J'aimerai bien me baiser moi-même, me dire des cochonneries tout bas. Crois-tu que c'est pareil? ou encore mieux qu'avec toi?
J'aimerai tant rire de moi-même, me foutre de ma gueule pour une fois et m'envoyer des bras d'honneur. Crois-tu que ça me plaira?
J'aimerai tant pleurer de moi-même, me dire, tu sais ne t'en fais pas; pour tout le monde c'est pareil, tu n'es pas tout seul dans ce cas.
J'aimerai tant m'enlever de moi-même et me voir de loin pour une fois. Crois-tu toujours que l'on s'aime quand on est loin de soi?

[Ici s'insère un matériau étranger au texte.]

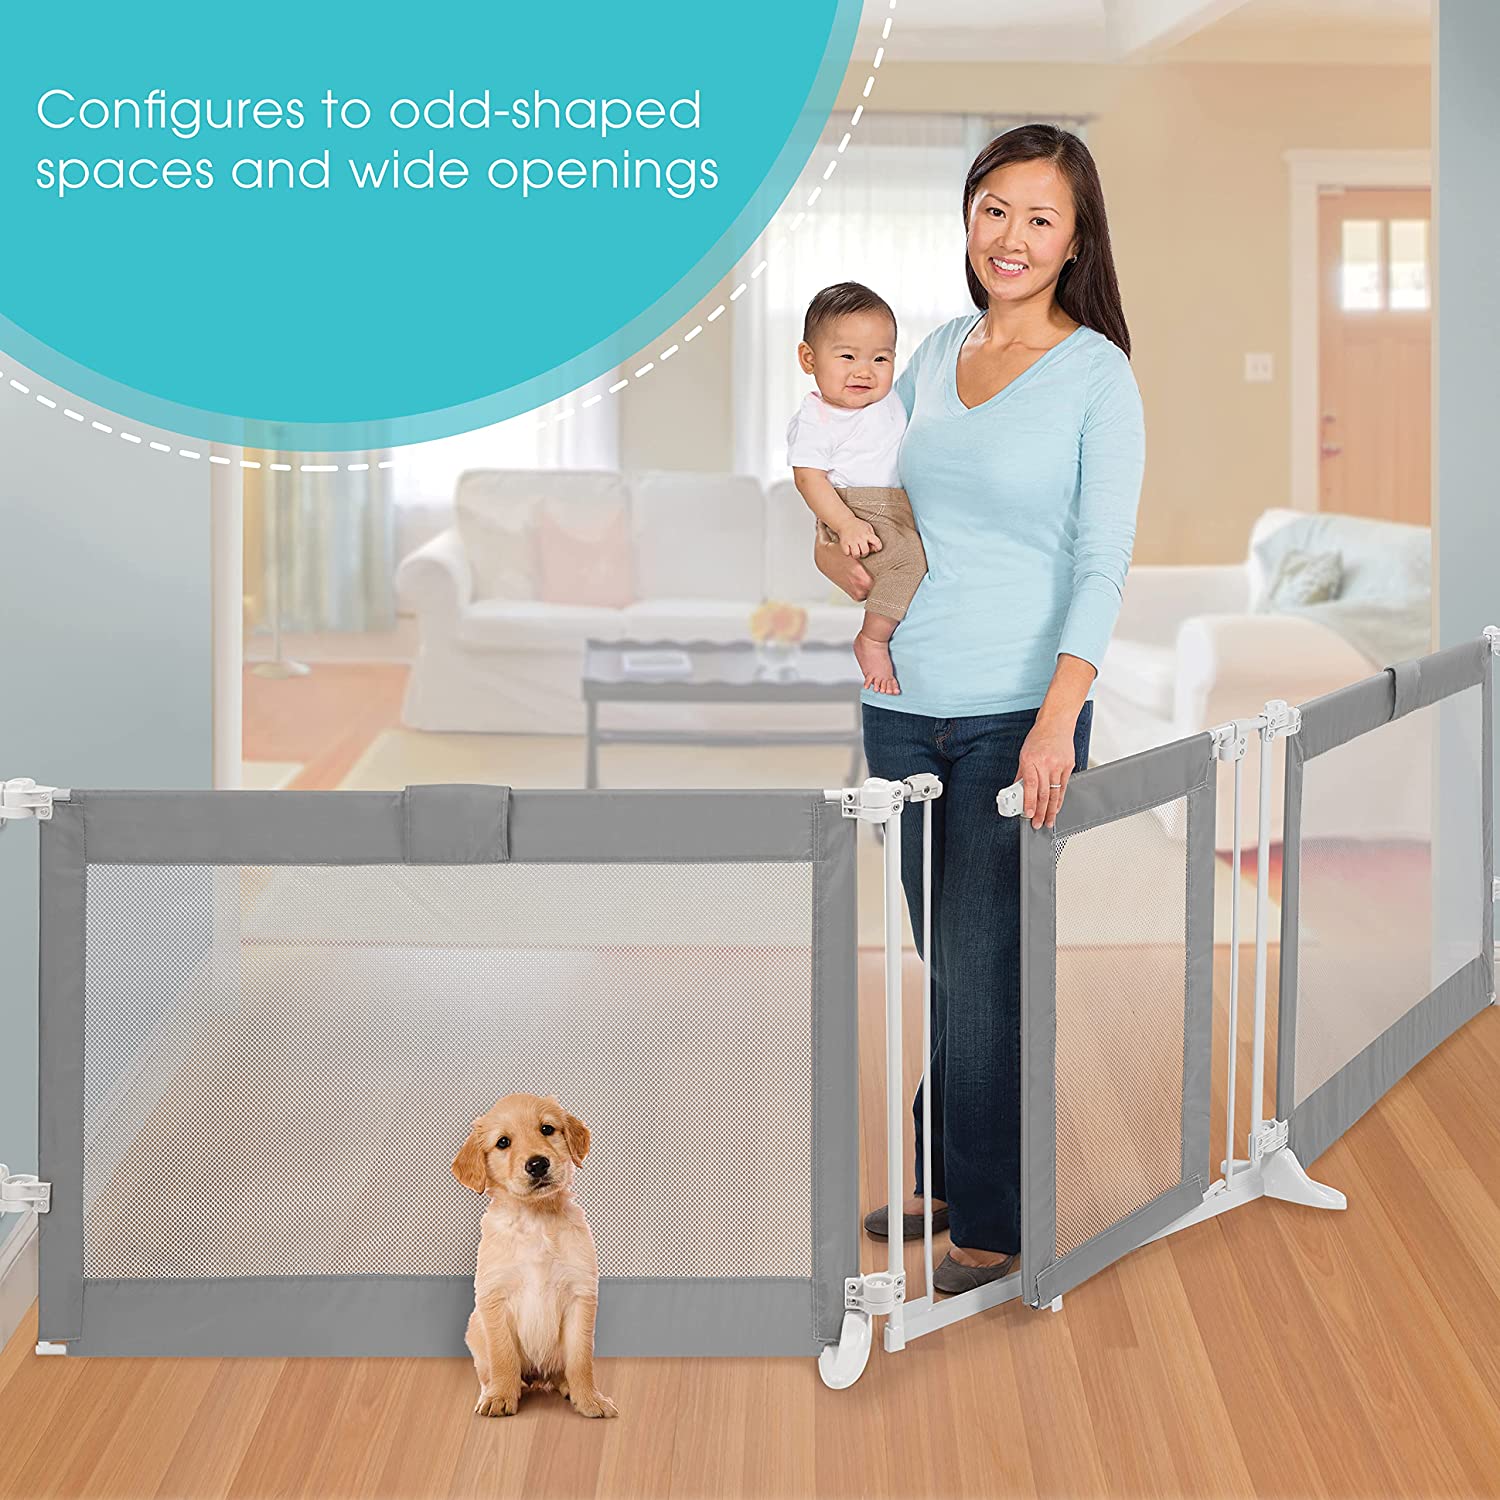 Summer Infant Custom Fit Walk-Thru Extra Wide Baby Gate, Stylish Grey Mesh 30 Tall, Fits Openings up 65 87 (2 panels) or 87 141 (3 panels), Baby and Pet Gate for Doorways - image 4 of 7

Quelques femmes au fond de moi
quelques personnes aussi parfois.

J'aimerai bien me pendre moi-même: au bout de la corde c'est bien moi. Crois-tu que l'on voit des merveilles quand on n'est plus ici-bas?
J'aimerai bien m'enterrer moi-même, me creuser un trou à moi et me jeter quelques crisantèmes, et, écrire "ci-git" ou je ne sais trop quoi.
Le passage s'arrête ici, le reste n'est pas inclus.